What Worse Place Can I Beg in Your Love? by Syd McGinley – Review
Title: What Worse Place Can I Beg in Your Love?
Author: Syd McGinley
URL: Lyrical Press
Price: US$1.50
Warnings: explicit m/m, graphic language, violence, alien-man sex, human pets.
Publisher’s description:
Rejected by his lover for being too submissive, a gay xeno-cartographer signs up on a survey mission and is captured by aliens. He finds his submissive nature tested by a new master, yet is distraught when his owner thinks he would run away. He finds a true happiness on this alien world, until rescuers arrive.
“Annoyingly obedient” is what David called me. He’d dumped me because he wanted a less submissive bottom. And now my attempt to recover from him has led me to where those same traits may mean my survival. An alien holding cell turned out to be a pound, and my new owner is a seven-foot tower of jet-black muscle with raptor legs and shark teeth. At last I’m getting the training and discipline I longed for from my Earth lovers at the claws of my alien owner. If only I can make him want me…
Review:
There are probably a few different ways one could approach “What Worse Place Can I Beg in Your Love?” I prefer to read Syd McGinley’s brief, startling tale as a story of the triumph of the true self. But McGinley writes with a spare elegance that permits enough ambiguity to challenge thoughtful readers to draw their own conclusions about the unnamed protagonist’s adventures, without preaching to them or dictating any set interpretation.
The story, tightly narrated in the protagonist’s voice, follows a submissive cartographer from his imprisonment after he lands with a team of military personnel on a little-known planet, through his adoption and training as a pet by one of its formidable denizens. Images of the planet itself, and even of the aliens themselves, are delivered with admirable restraint. The protagonist’s thoughts are more fully fleshed, and proceed smoothly as a series of comparisons. He compares (favorably) his own fitness to survive captivity with that of his fellow prisoner, the military liaison who was supposed to protect him. He compares (again favorably) his training as a pet in the home of his alien master to his unsatisfying experiences getting topped back home. He compares the cultures of his home planet and the new planet, and he compares his old self to his new, by which point all comparisons have become irrelevant. Though he loses one of the most important traits of humanness—the ability to communicate using symbols—his inner life never suffers, and it’s fascinating to watch a fully sentient, critically thinking person adapt to deeply alien circumstances.

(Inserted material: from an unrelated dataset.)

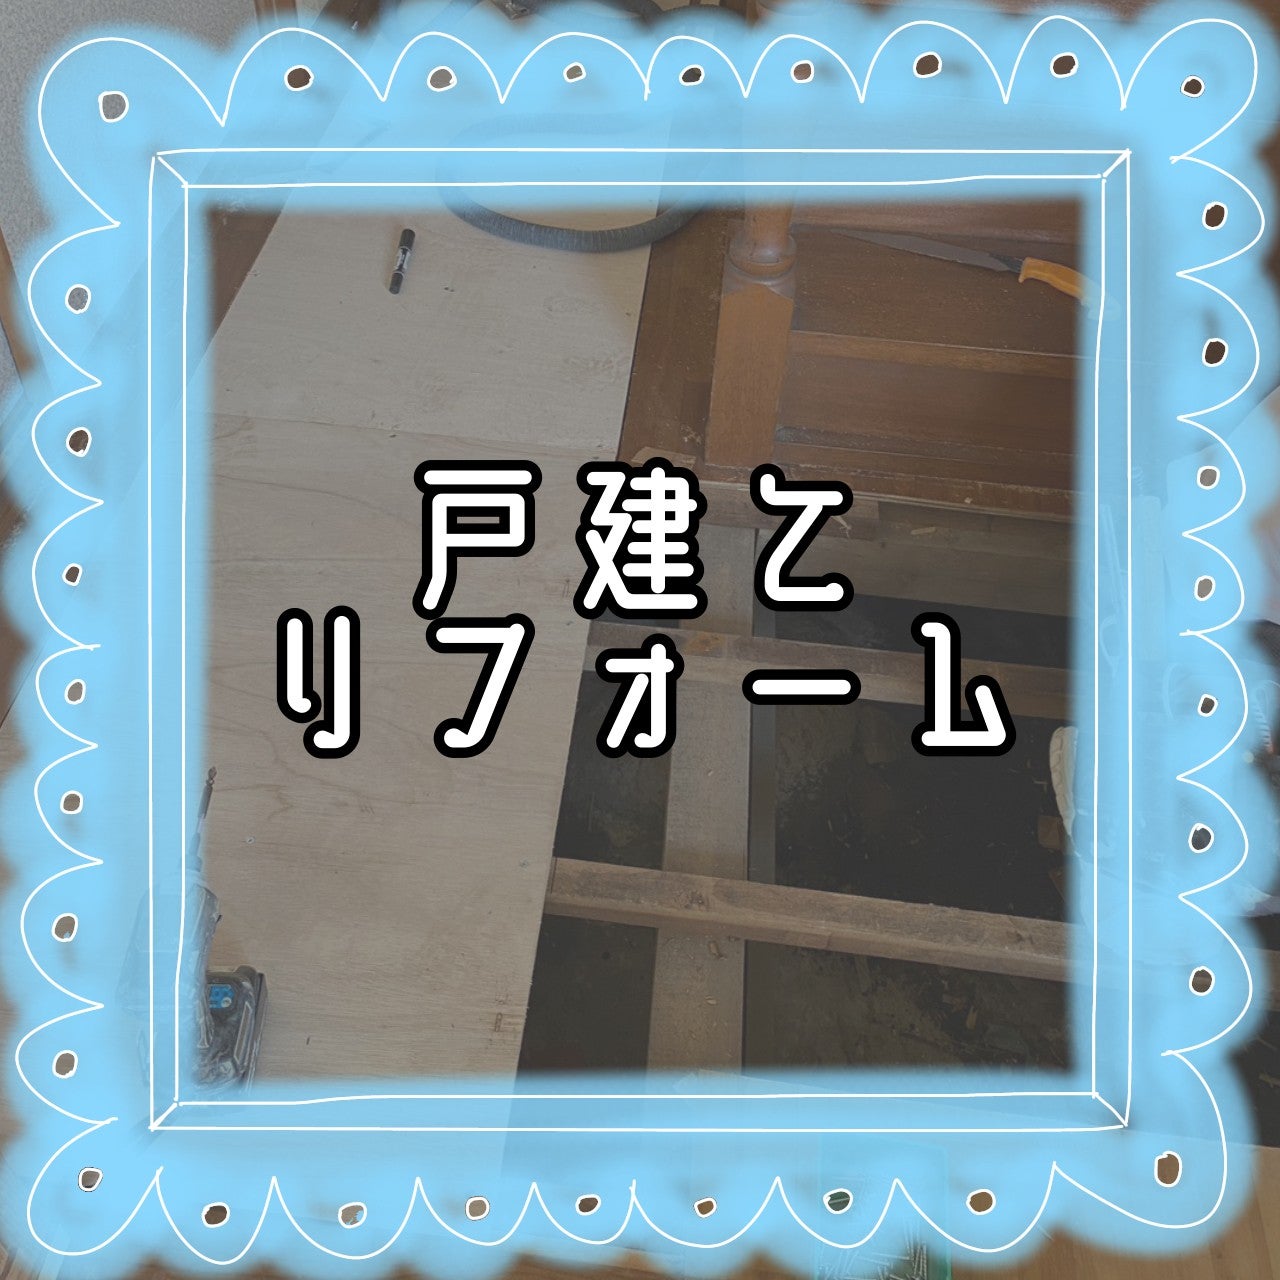 【戸建てリフォーム】廊下の改修

The alien master, also unnamed, is drawn completely differently. We know nothing of his character or motivations, though we get a more visual sense of him than we do of the protagonist. Painting the two principals with completely different sets of brushes is a bold move for such a short story, but McGinley pulls it off, and it becomes an important element of the story itself: the protagonist knows nothing much of his master, but reveals much about himself, thus engaging our sympathy. The pet may be curious, and so are we, but he doesn’t need to know who his master is deep down, and, ultimately, neither do we readers. The protagonist is one of the most affecting I’ve read in a long time. His desire to submit is something he counts as a strength from the very beginning of the story, and he consoles himself in the confusing, early days of his life as a pet with the knowledge that he already knows how to submit. Whereas in his previous life, he was frustrated in his desire to submit to a master, now he takes pride in his ability to understand the needs and expectations of a master who never seeks his opinions or consent. To many of us, this circumstance would be horrifying; among practitioners of BDSM the issue of consent is critical (even, perhaps especially, between masters and slaves, which relationship the protagonist’s most closely approximates).
But this isn’t a BDSM story, and the protagonist and his master are not involved in a D/s relationship. There is no negotiated power exchange between equals. And therein lie the most disturbing and most sublime qualities of McGinley’s story. There is very little dialogue in the story, which reinforces the loss of communication, and of selfhood, by the main character. His keen observations more than make up for the lack, and his imagination, fueled by his history of frustrated submission, fills in any gaps. When dialogue comes, it’s jarring, almost unwelcome, and the protagonist’s reaction leads to a very satisfying ending, one that was unimaginable when the story began. Lest you infer from all I’ve said that this is a dark and dour tale, let me assure you that it is indeed dark, but also fast-paced in its dreamlike way, and leavened with unexpected touches of humor (the protagonist trying to puzzle out his new sexual status is especially clever). However, the real triumph of this story is in McGinley’s treatment of the central paradox of the protagonist becoming a fully realized self through the abnegation of his humanness. He, and his nature, find full acceptance among aliens one would expect wouldn’t understand him at all. The will of the pet is the real force in this story.